### Extracted data

——

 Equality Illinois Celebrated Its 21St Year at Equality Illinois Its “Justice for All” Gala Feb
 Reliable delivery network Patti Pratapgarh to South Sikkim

——

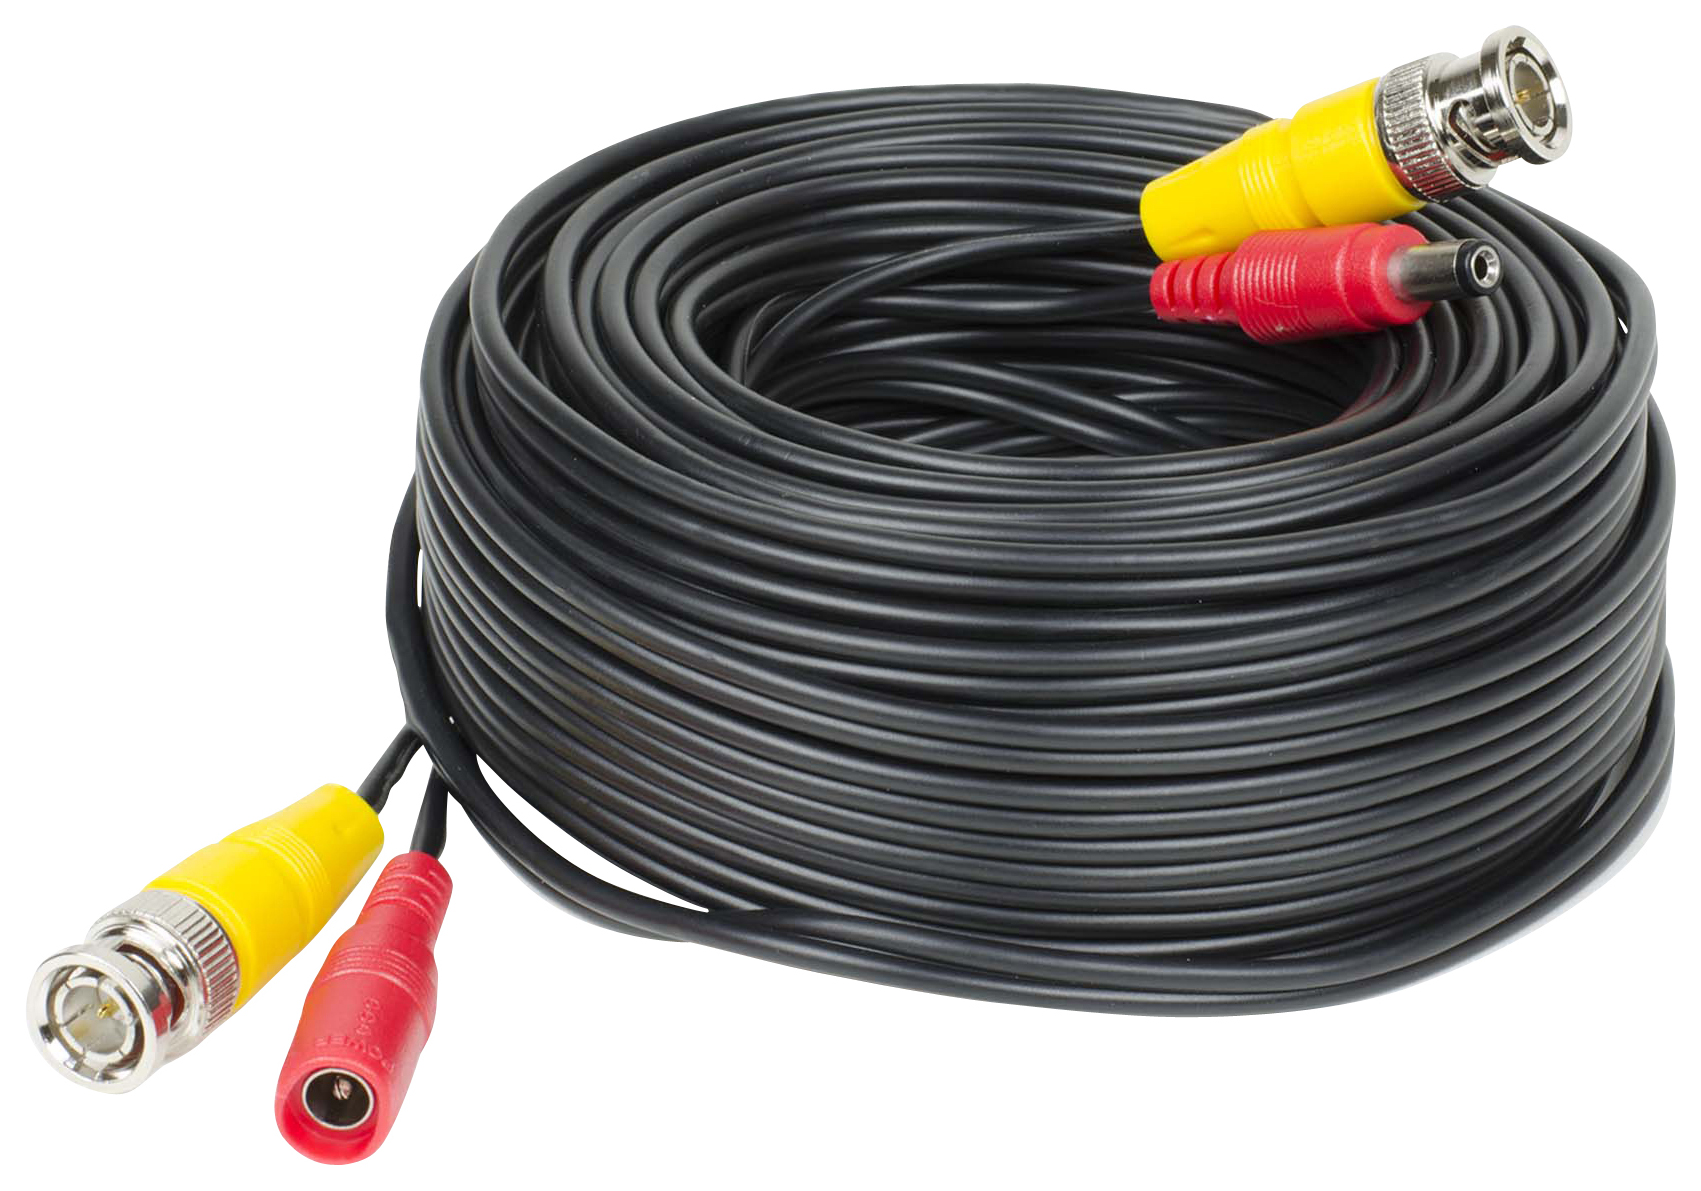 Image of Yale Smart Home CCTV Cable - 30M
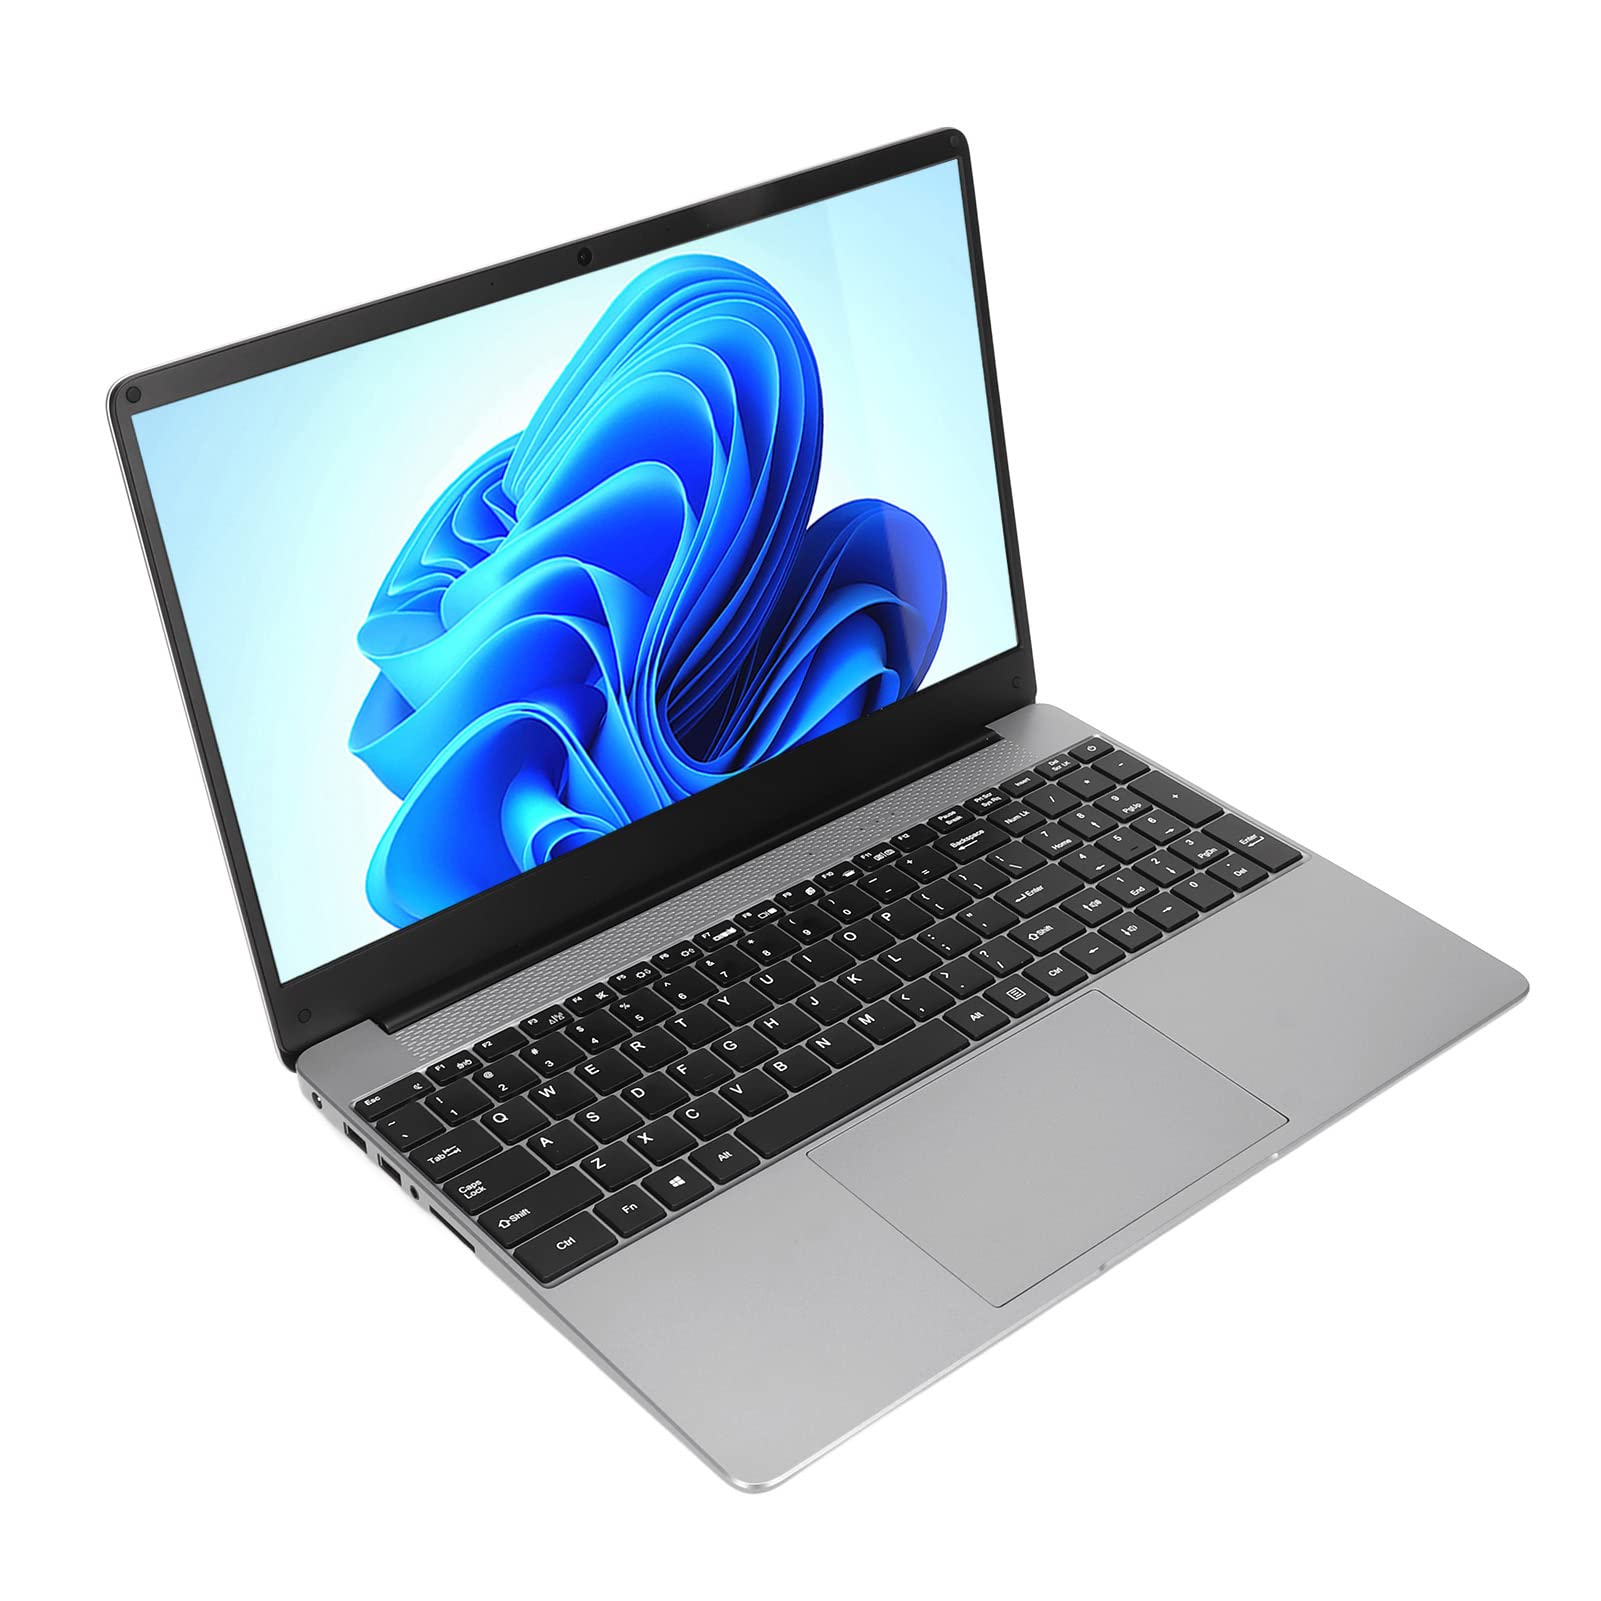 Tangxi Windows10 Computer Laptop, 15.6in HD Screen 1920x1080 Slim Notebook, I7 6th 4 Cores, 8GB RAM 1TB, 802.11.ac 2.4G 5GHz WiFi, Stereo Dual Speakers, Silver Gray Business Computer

——

### Exercise
Your answer should be the exact lines above from the one with "Equality Illinois Celebrated" through the one with "Reliable delivery network", both included, and nothing besides.

### Expected answer
 Equality Illinois Celebrated Its 21St Year at Equality Illinois Its “Justice for All” Gala Feb
 Reliable delivery network Patti Pratapgarh to South Sikkim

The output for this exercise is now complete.